If Ireland&aposs appeal succeeds, the government will be ridiculed by opposition parties for not taking the cash, which could cover at least half of a budget deficit forecast to balloon to as much as 10% of GDP this year.
Should Ireland lose, the government will be castigated by the same politicians for launching the appeal. A ruling in favour of the Commission could also raise questions about the application of Ireland&aposs tax code at a sensitive time, when new global rules for taxing digital giants are being debated.
Defeat could also hurt Ireland&aposs ability to attract investment, although the promotional blitz undertaken after the Commission&aposs 2016 decision appears to have worked. The numbers employed by multinationals like Apple, Facebook and Google have grown by 25%, accounting for one in ten Irish workers.
For Apple, defeat would be a blow, but manageable given its cash holdings topped $190 billion at the end of its fiscal second quarter.

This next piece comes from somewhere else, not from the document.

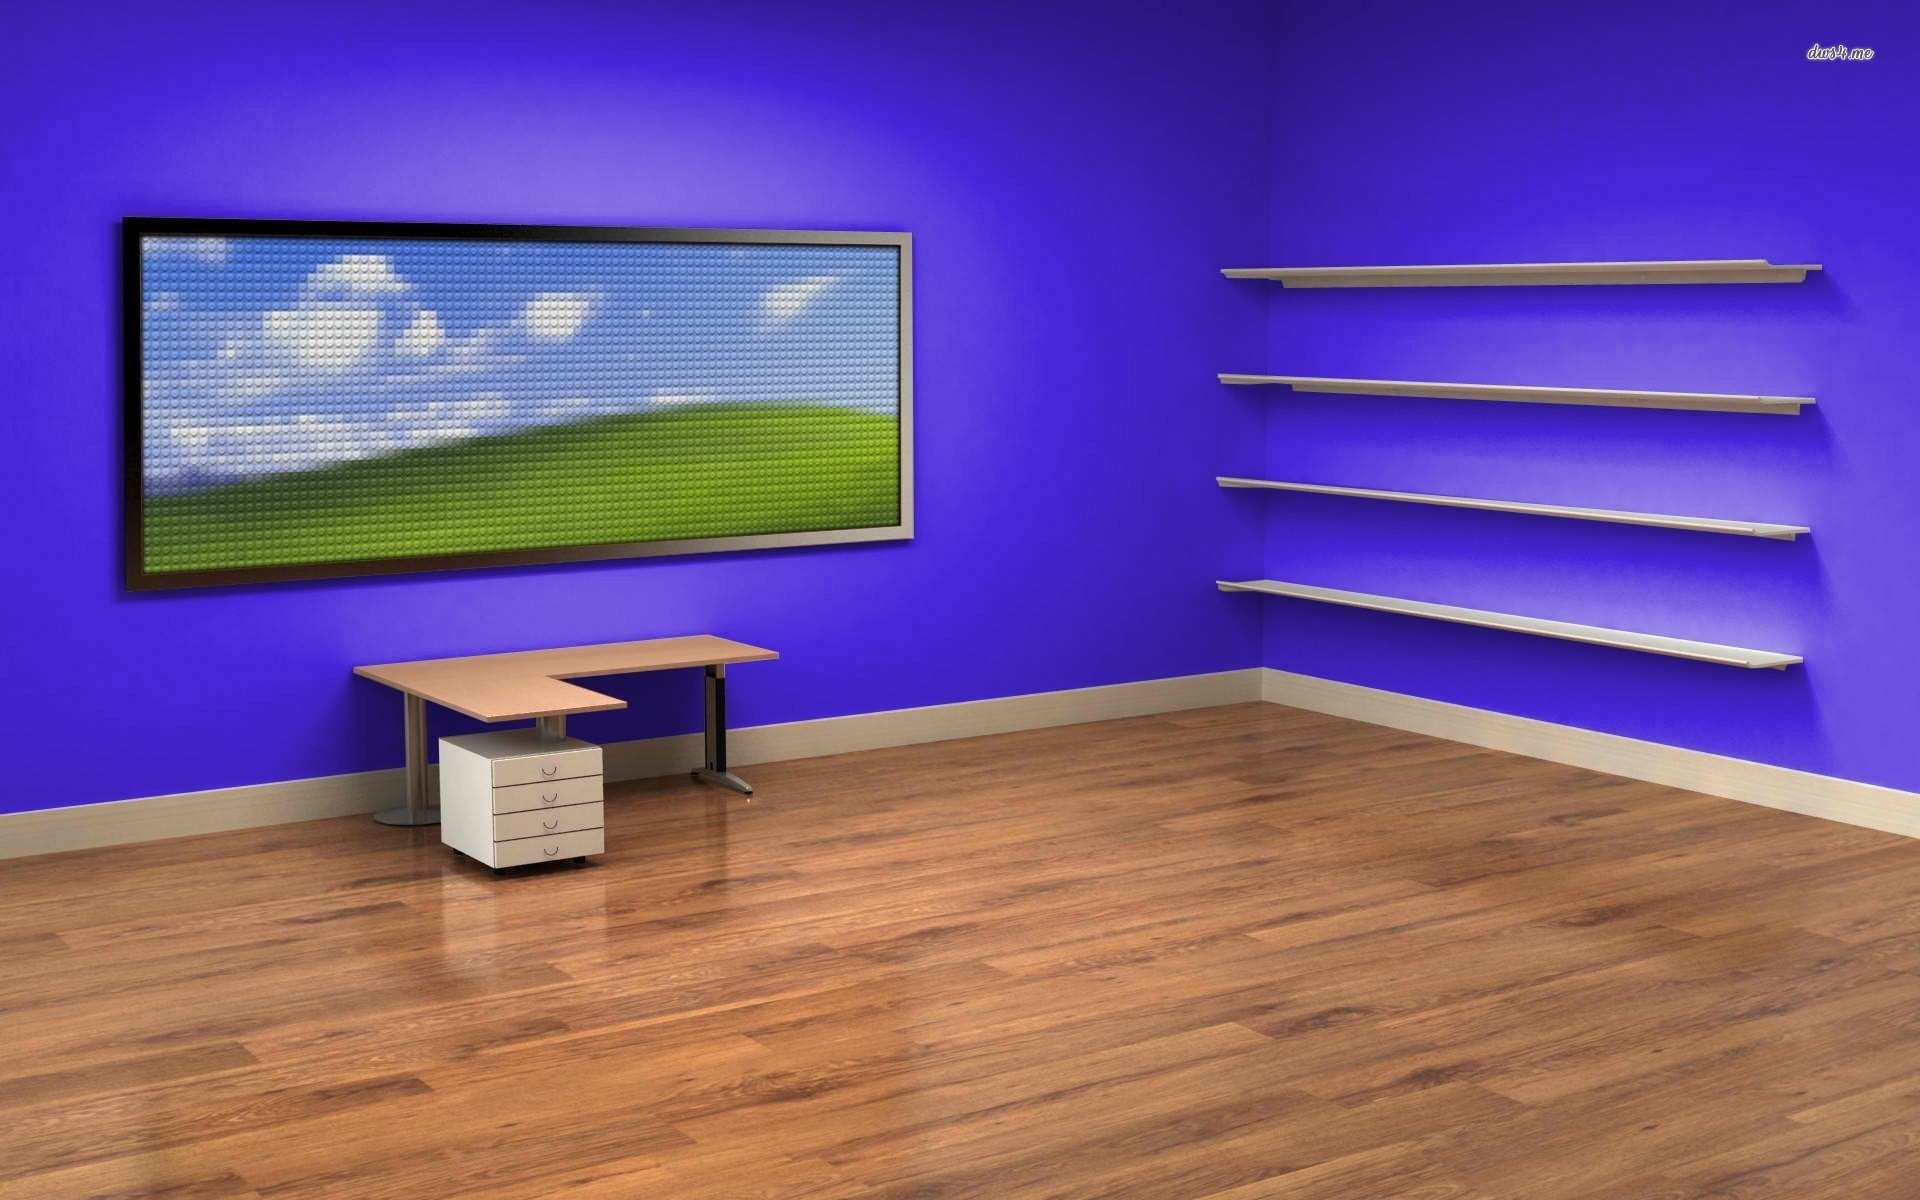 Office Desktop Background 183 ①

The cases are T-778/16 Ireland v Commission and T-892/16 Apple Sales International and Apple Operations Europe v Commission. The defeated side can appeal on points of law to the EU Court of Justice, Europe&aposs highest court.
($1 = 0.8793 euros)
欧盟竞争事务专员玛格丽特·维斯特格(Margrethe Vestager)的失败可能会削弱或推迟针对宜家(Ikea&aposs)和耐克(Nike&aposs)与荷兰达成的NKE.N交易，以及Huhtamaki&aposs HUH1V.HE与卢森堡达成的协议的未决案件。